The pattern of a ruling kleptocracy at the top and an indebted work
force – non- or weakly unionized, with few workplace protections – was
applauded as a business-friendly model for the rest of the world to
emulate. The post-Soviet economies were thoroughly “underdeveloped,”
rendered hopelessly high-cost and generally unable to compete on
anywhere near equal terms with their Western neighbors.

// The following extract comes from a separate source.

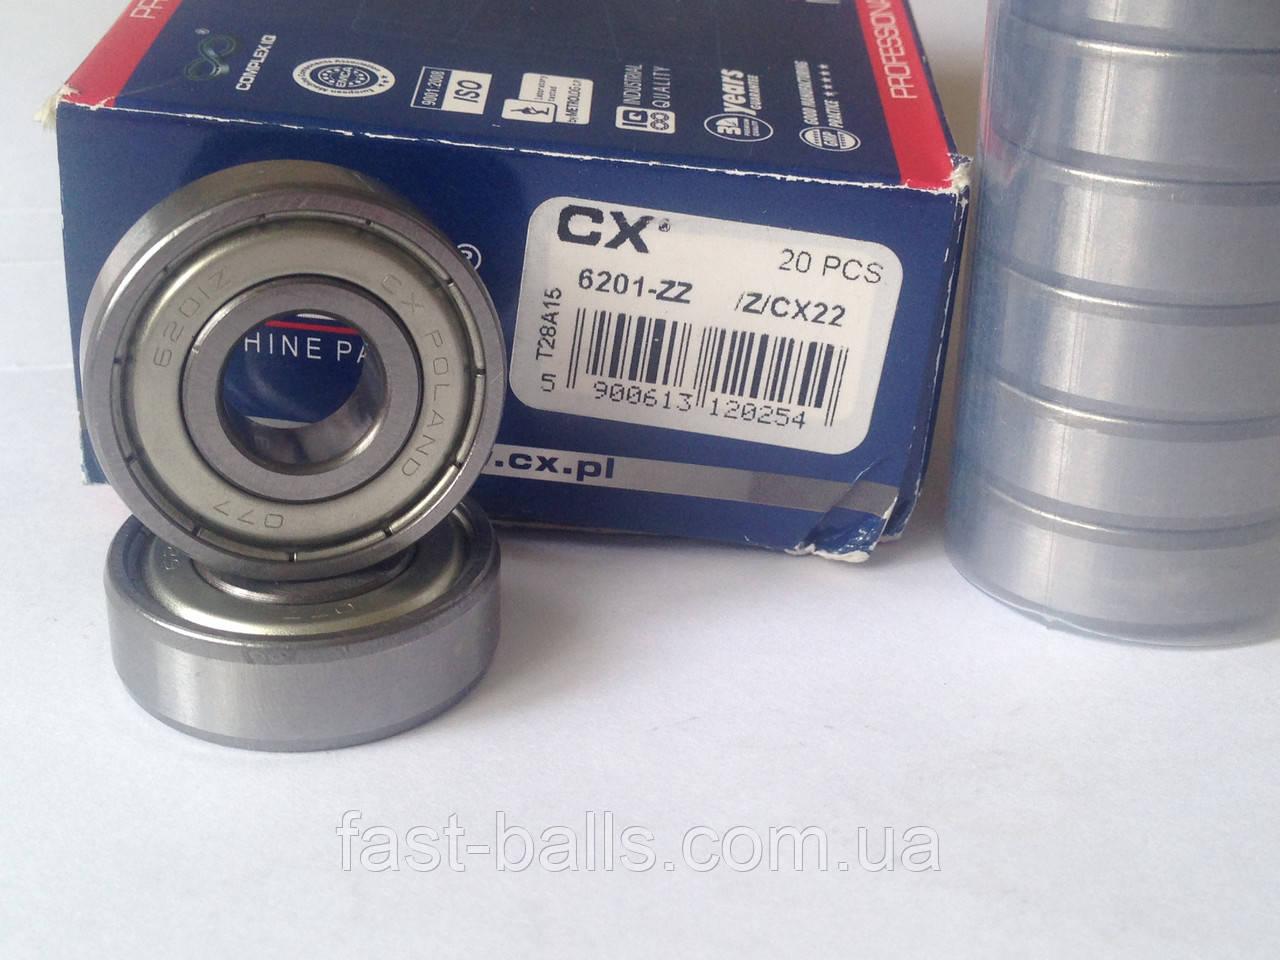 Однорядный подшипник CX 6201 2Z (12х32х10) - ФОП Танана А.В. в Киеве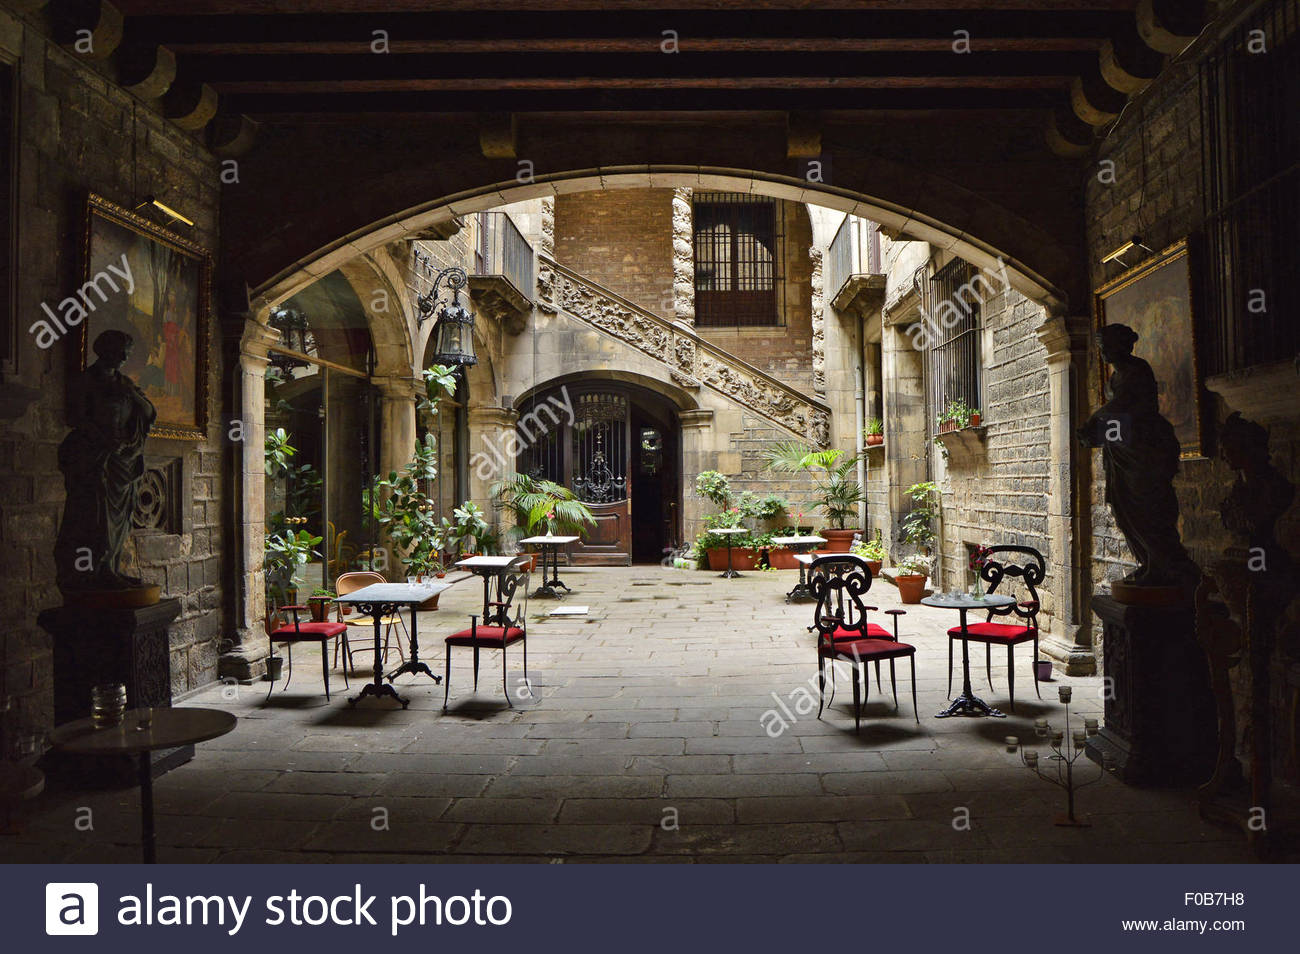 Palau Dalmases Espai Barroc - historic palace restaurant archway entrance, El Born district Barcelona Spain Europe. - Stock Image

The result has been an economic experiment seemingly gone mad, a
dystopia whose victims are now being blamed. Neoliberal trickle-down
ideology – apparently being prepared for application to Europe and
North America with an equally optimistic rhetoric – was so
economically destructive that it is almost as if these nations were
invaded militarily. So it is indeed time to start worrying about
whether the Baltics may be a dress rehearsal for what we are about to
see in the United States.

The word “reform” is now taking on a negative connotation in the
Baltics, as it has in Russia. It has come to signify retrogression
back to feudal dependency. But whereas feudal lords from Sweden and
Germany ruled their Latvian manors by the power of landownership, they
now control the Baltics by their foreign-currency mortgage loans
against the region’s real estate.

Debt peonage has replaced outright serfdom. Mortgages far in excess of
actual market values, which have plunged by 50-70 per cent in the past
year (depending on housing type), also are far in excess of the
ability of Latvian homeowners to pay. The volume of foreign-currency
debt is far beyond what these countries can earn by exporting the
products of their labor, industry and agriculture to Europe (which
hardly wants any imports) or other regions of the world in which
democratic governments are pledged to protect their labor force, not
sell it out and subject it to unprecedented austerity programs – all
in the name of “free markets.”

Two decades have passed since the neoliberal order was introduced, and
the results are disastrous, if not almost a crime against humanity.
Economic growth has not occurred. Soviet-era assets have simply been
loaded down with debt. This is not how Western Europe developed after
World War II, or earlier for the matter – or China most recently.
These countries pursued the classical path of protection of domestic
industry, public infrastructure spending, progressive taxation, legal
prohibitions against insider dealing and looting – all anathema to
neoliberal free-market ideology.

What is starkly at issue are the underlying assumptions of the world’s
economic order. At the core of today’s crisis of economic theory and
policy are the all but forgotten premises and guiding concepts of
classical political economy. George Soros, Stiglitz and others
describe a global casino economy (which Soros certainly enriched
himself by playing) in which finance has become detached from the
process of wealth creation. The financial sector makes increasingly
steep, even unpayably high claims on the real economy of goods and
services.

This was the concern of the classical economists when they focused on
the problem of rentiers, owners of property and special privilege
whose revenues (with no counterpart in any necessary cost of
production) led to a de facto tax on the economy – in this case, by
imposing debt on it. Classical economists recognized the need to
subordinate finance to the needs of the real economy. This was the
philosophy that guided U.S. banking regulation in the 1930’s, and
which West Europe and Japan followed from the 1950s through the 1970s
to promote investment in manufacturing. Instead of checking the
financial sector’s ability to engage in speculative excess, the United
States overturned these regulations in the 1980s. From a bit below 5
per cent of total U.S. profits in 1982, the financial sector’s
after-tax profits rose to an unprecedented 41 per cent in 2007. In
effect this zero-sum activity was an overhead “tax” on the economy.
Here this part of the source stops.